Hospital Universitario La Paz, Madrid, Spain; School of Medicine, Universidad Autónoma de Madrid, Hospital La Paz Institute for Health Research, and Spanish Clinical Research Network, Madrid, Spain.
Hospital Campo Grande, Valladolid, Spain.
Ann Emerg Med. 2020 Mar;75(3):315-328. doi: 10.1016/j.annemergmed.2019.07.028. Epub 2019 Oct 14.
The objective of the InMEDIATE study was to evaluate the change in intensity of traumatic pain over the first 20 min in adult patients treated with methoxyflurane versus standard analgesic treatment in Spain.

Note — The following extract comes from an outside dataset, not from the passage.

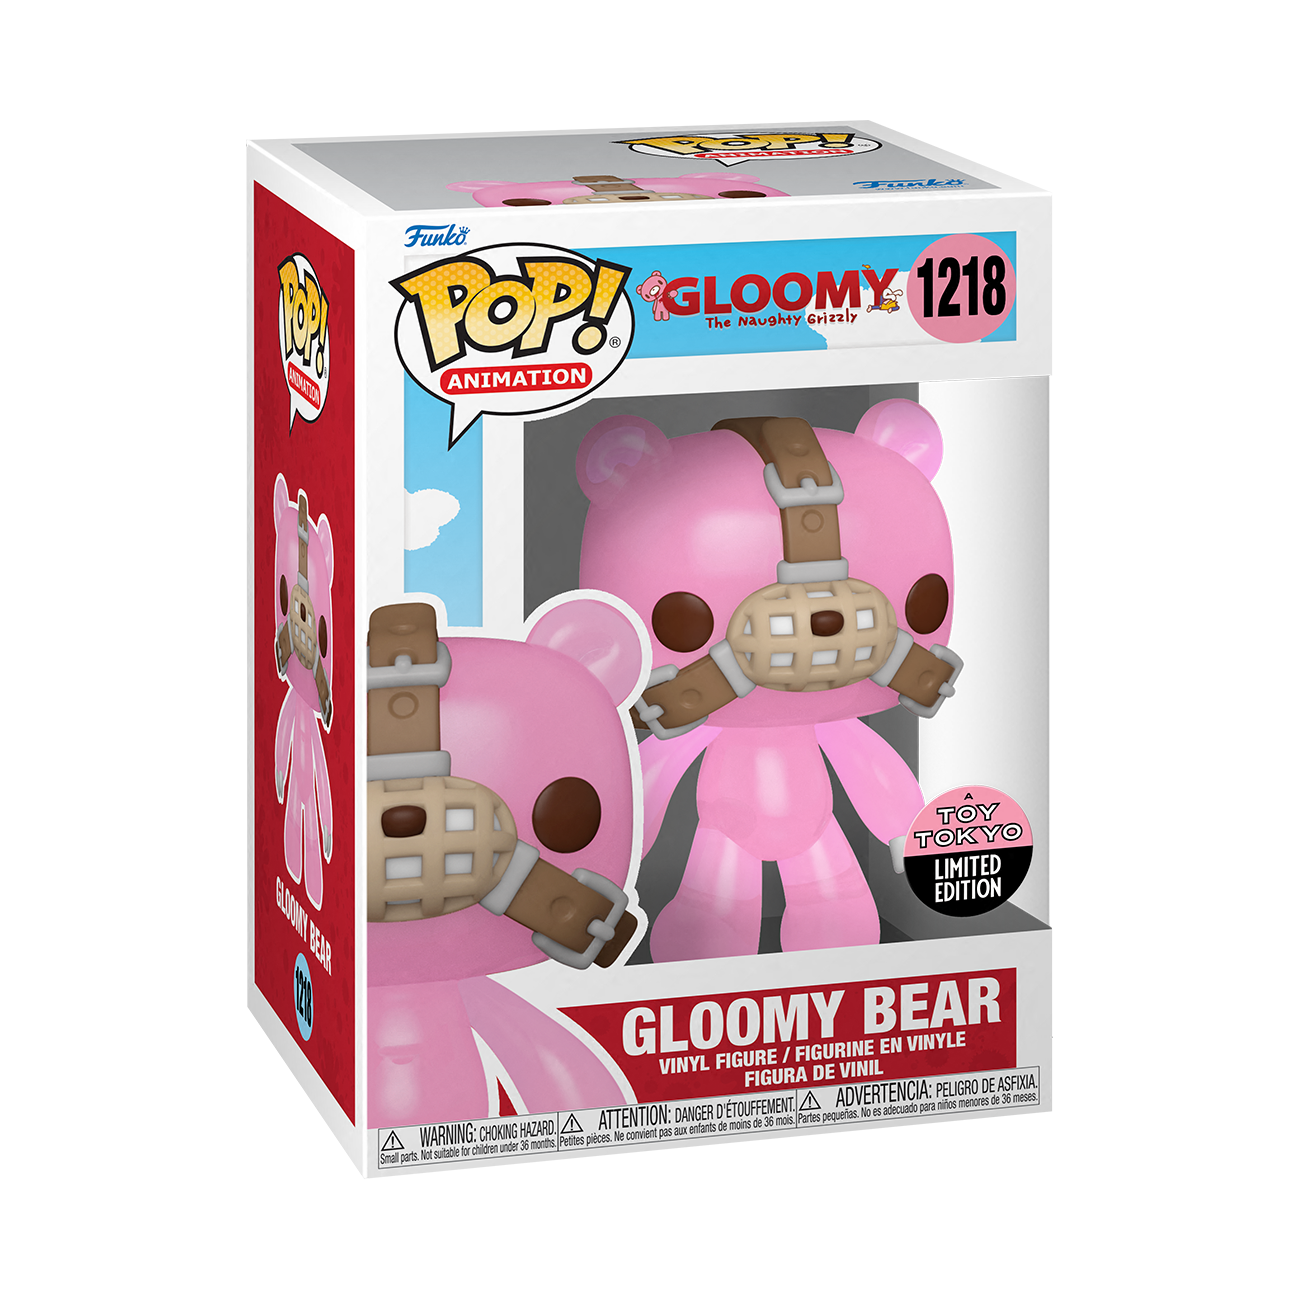 Funko Pop! Animation: The Naughty Grizzly Translucent Toy Tokyo - Gloomy Bear Official

This the first randomized, active-controlled, multicenter trial of methoxyflurane in the emergency setting in Europe.
This was a randomized, controlled study that enrolled adult patients with acute moderate to severe (score ≥4 on the 11-point Numeric Rating Scale) trauma-associated pain in 14 Spanish emergency departments. Patients were randomized 1:1 to methoxyflurane (up to 2×3 mL) or standard analgesic treatment. Coprimary endpoints were the change from baseline in Numeric Rating Scale pain intensity score during the first 20 minutes of treatment and time to first pain relief.
Three hundred five patients were randomized (methoxyflurane 156; standard analgesic treatment 149). Most patients in the standard analgesic treatment group (70%) received intravenous first-step analgesics and 9.4% of patients were treated with opioids. Mean decrease from baseline in Numeric Rating Scale pain intensity score was greater for methoxyflurane than standard analgesic treatment at all points, with a significant treatment difference overall up to 20 minutes (repeated-measures model 2.47 versus 1.39; treatment difference 1.00; 95% confidence interval 0.84 to 1.32). Median time to first pain relief was significantly shorter for methoxyflurane than standard analgesic treatment (3 versus 10 minutes). Methoxyflurane achieved better patient and clinician ratings for pain control and comfort of treatment than standard analgesic treatment and exceeded patient and clinician expectations of treatment in, respectively, 77% and 72% of cases compared with 38% and 19% for standard analgesic treatment.
These results support consideration of methoxyflurane as a nonnarcotic, easy-to-administer, rapid-acting, first-line alternative to currently available analgesic treatments for trauma pain.
InMEDIATE 研究的目的是评估在西班牙接受甲氧氟烷与标准镇痛治疗的成年患者创伤性疼痛强度在最初 20 分钟内的变化。这是欧洲首个在急救环境中进行的甲氧氟烷的随机、对照、多中心试验。
这是一项随机对照研究,纳入了 14 家西班牙急诊室中伴有急性中度至重度(11 点数字评分量表上≥4 分)创伤相关疼痛的成年患者。患者按 1:1 随机分为甲氧氟烷(最多 2×3 毫升)或标准镇痛治疗组。主要终点是治疗最初 20 分钟内数字评分量表疼痛强度评分的基线变化和首次疼痛缓解时间。
305 名患者被随机分组(甲氧氟烷 156 例;标准镇痛治疗 149 例)。标准镇痛治疗组大多数患者(70%)接受了静脉首步镇痛治疗,9.4%的患者接受了阿片类药物治疗。甲氧氟烷的数字评分量表疼痛强度评分从基线的平均下降幅度大于标准镇痛治疗组,在所有时间点均有显著的治疗差异,直至 20 分钟时(重复测量模型 2.47 比 1.39;治疗差异 1.00;95%置信区间 0.84 至 1.32)。甲氧氟烷首次疼痛缓解时间明显短于标准镇痛治疗组(3 分钟比 10 分钟)。甲氧氟烷在疼痛控制和治疗舒适度方面获得了优于标准镇痛治疗的患者和临床医生评分,在分别有 77%和 72%的病例中超过了患者和临床医生对治疗的期望,而标准镇痛治疗组仅有 38%和 19%的病例超过了患者和临床医生对治疗的期望。
这些结果支持将甲氧氟烷视为一种非阿片类药物、易于管理、起效迅速的一线替代目前可用的创伤性疼痛治疗方法。